# Our city, south of Vancouver BC, is asking for a permit to install Lan cable



## lortech (Mar 7, 2012)

I have never needed to pull a permit for Low voltage cat5 cable before. But a particular work order is asking for me, or another tech, to pull a permit to extend some demark lines. I have done my share of Demark line extensions that is not a big deal. But never have pulled a permit before.

What are the steps according to pull a permit? does it vary from province to province city to city? There are no requirements to be a licensed as a low voltage technician in our region of British Columbia Canada.


----------



## FrunkSlammer (Aug 31, 2013)

British Columbia falls under the BC Safety Authority, except Burnaby, Maple Ridge, Vancouver, Victoria, West Vancouver, North Vancouver and Surrey... they all have their own inspection departments. 
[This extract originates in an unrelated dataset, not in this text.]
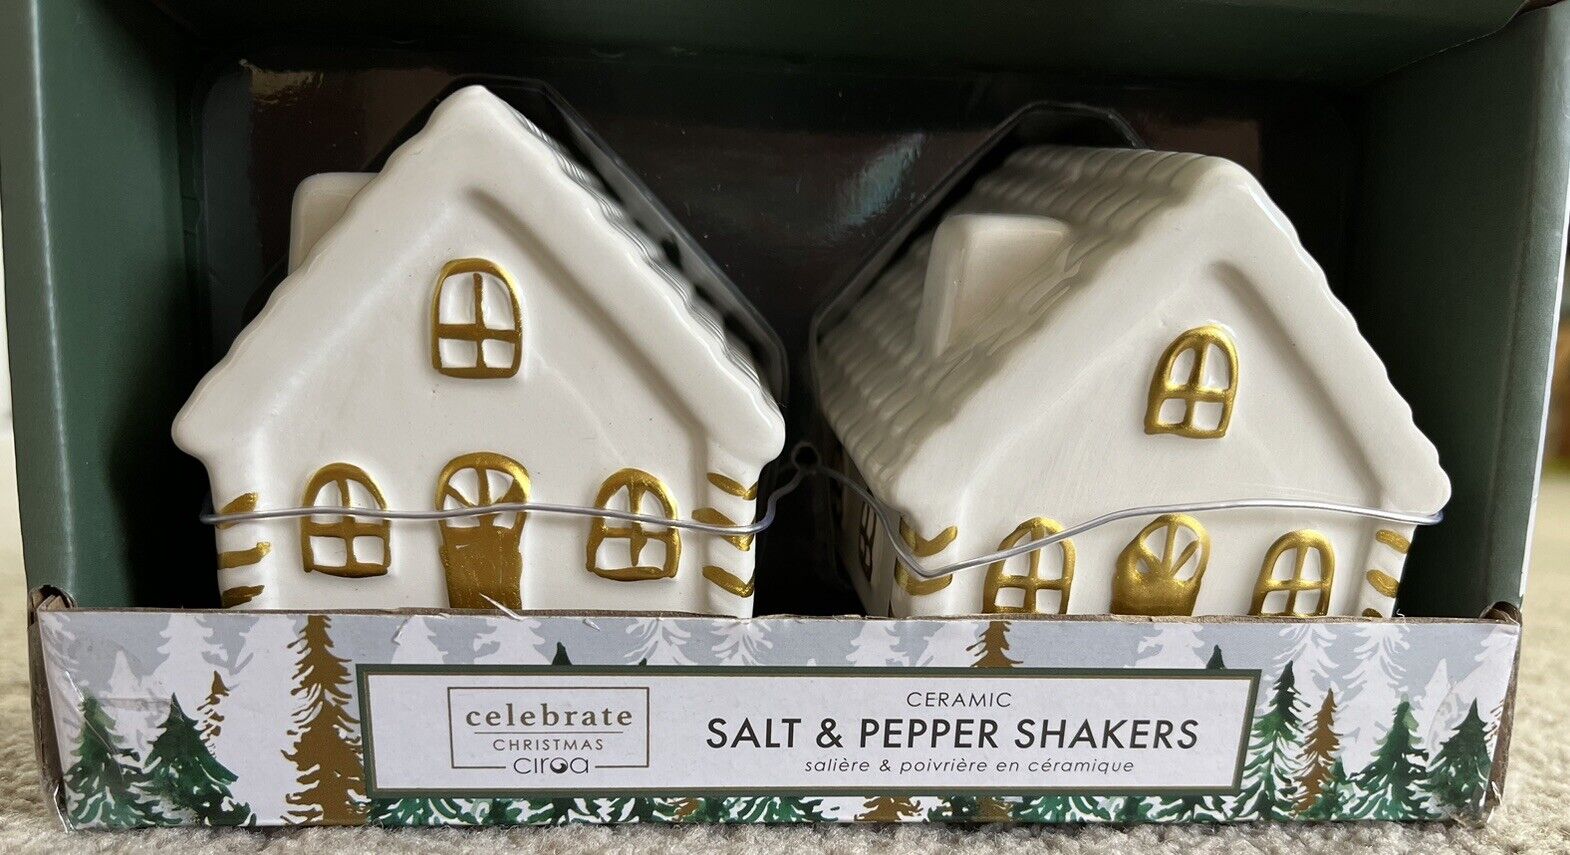 Celebrate Christmas Ciroa Ceramic Salt & Pepper Shakers Ivory Gold House
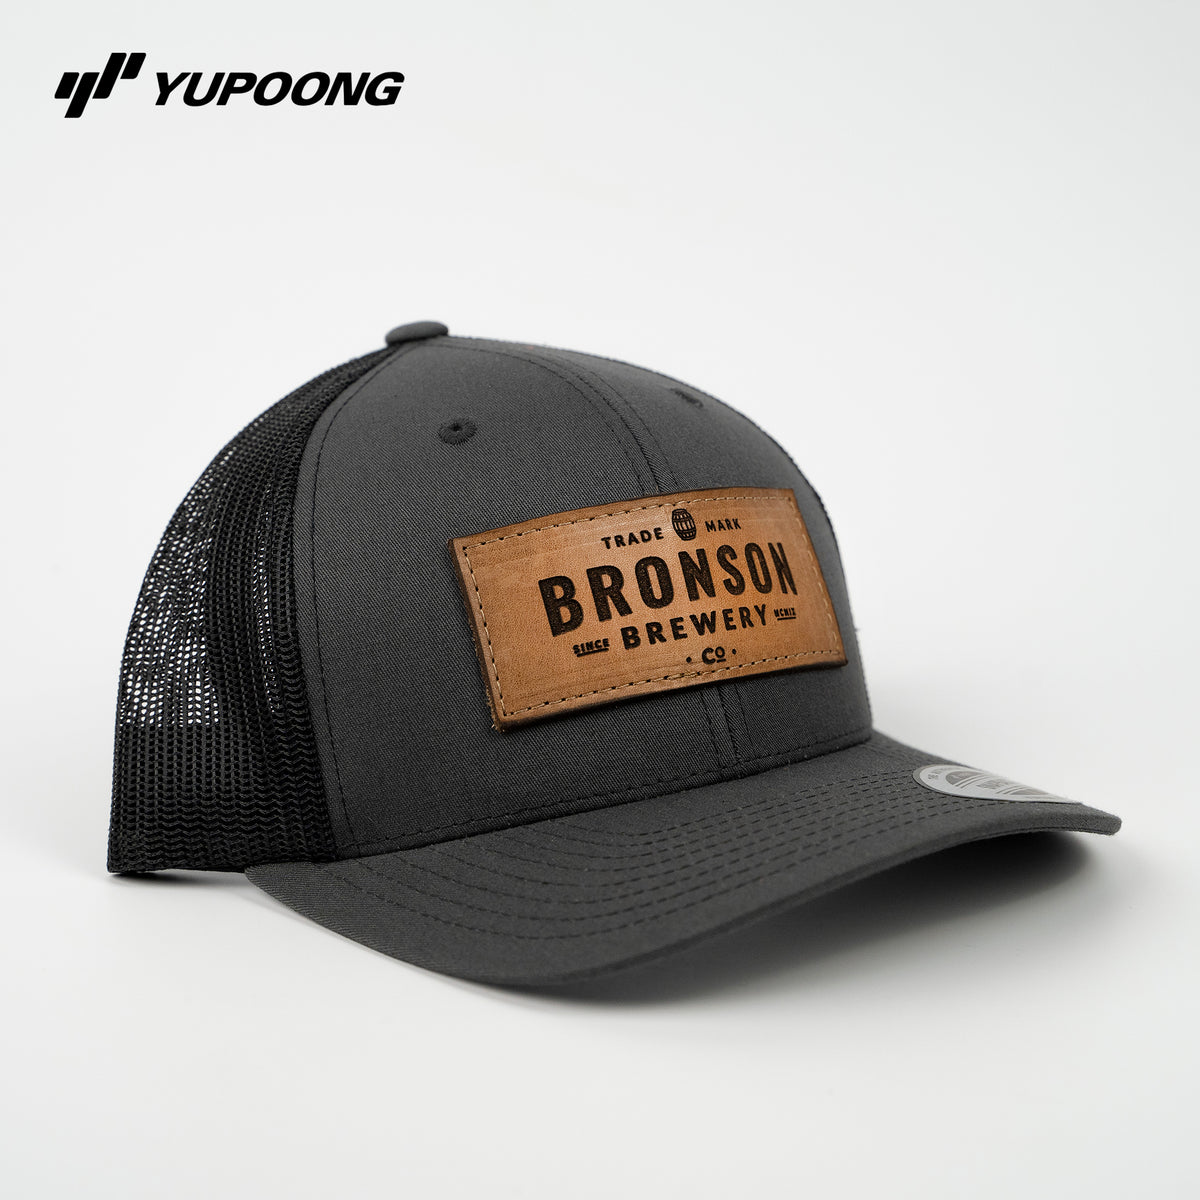 Yupoong 6606 Custom Mesh Snapback Trucker Hat with YOUR LOGO

Vancouver is regulating door knobs... can't be surprised they want to regulate your cat5e. That said, it could just be a generic requirement of the customer, without realizing that a permit is not required. Or maybe they're required now?


----------



## five.five-six (Apr 9, 2013)

I've had to pull permits for cat5 many times. In the land of the free and the home of the brave, you have to have a business license in the city you are working in and pay the fees and have it inspected just like anything else.


----------



## lortech (Mar 7, 2012)

*found out the requirments*

Need a Surity bond of 10k Need one year of experience under a employer Need to take a low energy course either though correspondence or local collage Need a FSR number. FSR stands for Field service representative and that is obtained by the BC safty authority.


----------



## FrunkSlammer (Aug 31, 2013)

Good luck, none of those can be acquired quickly.

So is it a Vancouver thing, or a BC thing that they want a permit? And who is telling you that you need a permit?


----------



## triden (Jun 13, 2012)

South of Van? Richmond? I'm curious now


----------